At the time, I didn't have access to the internet to search, so; I had to rely on the most popular sports channel known to man, ESPN, and SportsCenter as the preferred show. I can admit that I had a slight addiction to ESPN. From sun up to sundown, that would be on. I didn't watch it for the love of sports. I watched it to witness every glimpse of Allen Iverson. From highlights to interviews to broadcasting full-blown games, I had a front seat. I just loved everything about him, his size, tattoos, his Virginia accent, and his game. He became the sudden change that the NBA needed.
His good looks and flash on the court didn't inspire me to dribble a basketball; it just created an obsession that I can look back and laugh, asking myself, "What was I thinking?" What it did do was spark my interest in writing. I memorized stats, knew his game schedule by heart, and memorized his biography to regurgitate if needed. Grade school became my stomping grounds in debating my male classmates on who was better Iverson or Kobe. Although Iverson and Kobe played different positions and had different playing styles, I made sure my peers never forgot A.I and his legacy.
Ever since gracing the cover of his first magazine cover, I made sure to purchase every single cover and read every article from that moment in the future. I've collected so many magazines I decided to create a scrapbook of all the photos and essays I could find. Before there was Pinterest, there was construction paper, glue, and scissors. I had fun carefully cutting and placing the correct amount of glue and placing it on the brightest construction paper. I created books upon books of pictures, action shots during the game, and the paparazzi ones.

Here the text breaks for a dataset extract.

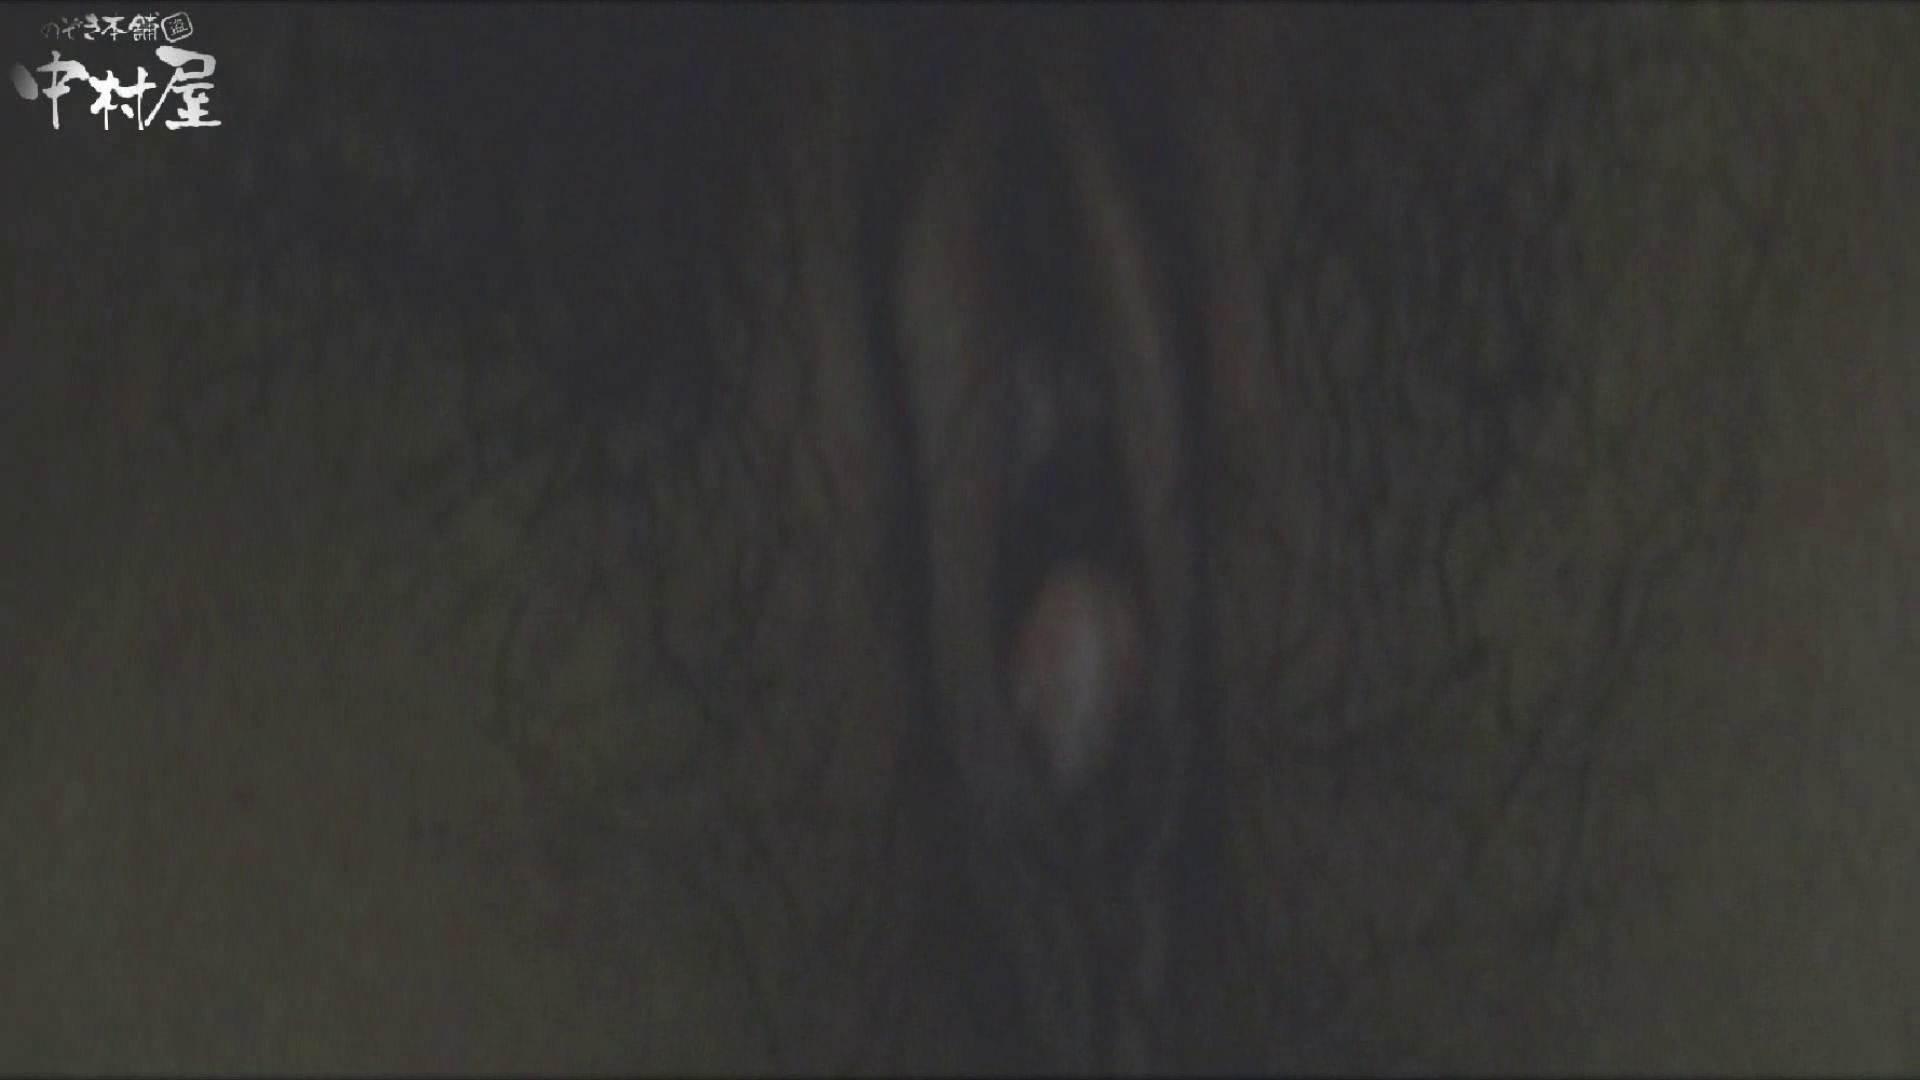 ネムリ姫 vol.09 覗き おめこ無修正動画無料 87PIX 38
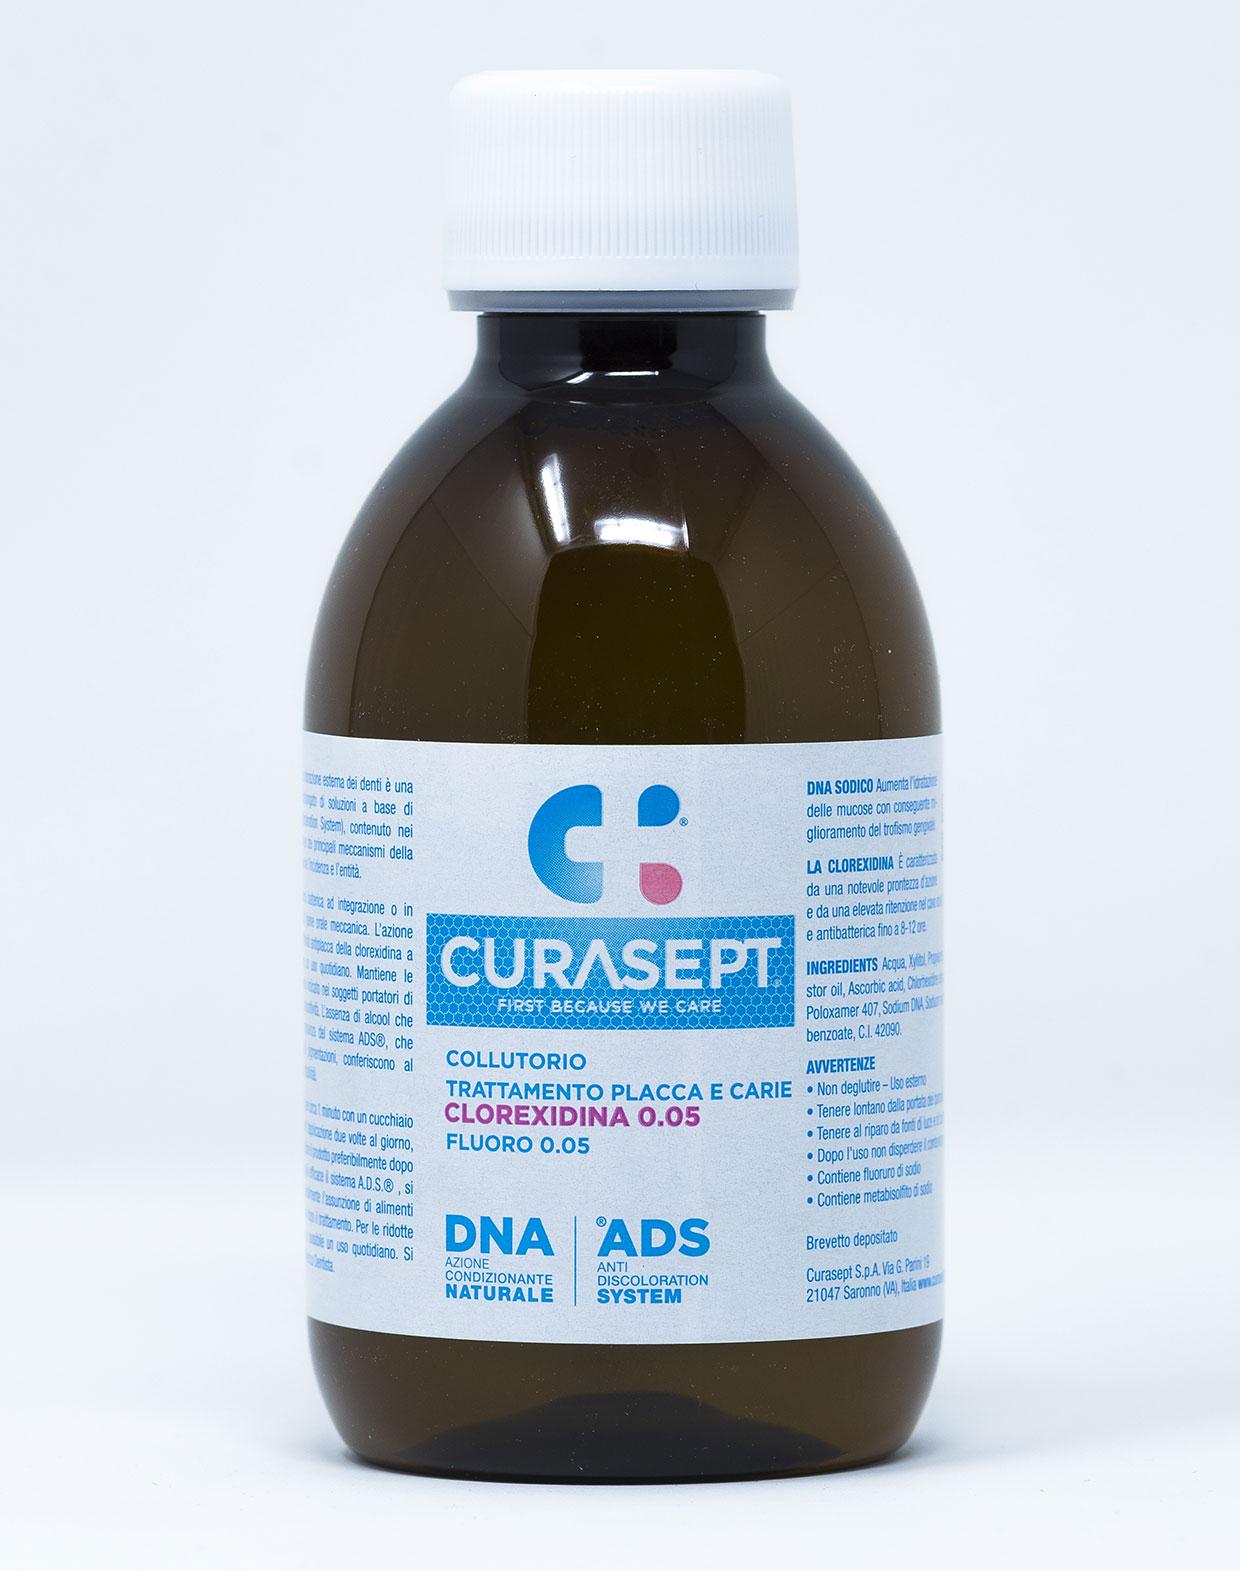 Curasept Collutorio Trattamento Placca e Carie CHX 0,05% + Fluoro 0,05% – 200 ml

I couldn't wait for the teacher to assign the autobiography assignment. The fact that I knew everything "about my man" melted my heart. The projects became fun, and I knew for sure I would get an easy A. At 12, he was my main focus. I didn't see or hear anyone else. I would debate my fellow girl peers on who had him first. We would stand around and quiz each other on how much we knew about him. I never had a desire ever to want a Jordan shoe. I liked them, but I didn't run out to get them. The shoe I enjoyed was The Questions by Reebox. I wanted his very first basketball shoe. Again, I never played any basketball; I just wanted to look the part. I liked the jersey and I even liked the headband. I didn't mind looking foolish; I just wanted the world to know that he was "my man." Yes, I knew he was married, and I also knew that he had children, but that was irrelevant. I only had tunnel vision for him and him only. I watched every All-Star Game, every Playoff game they played in, etc.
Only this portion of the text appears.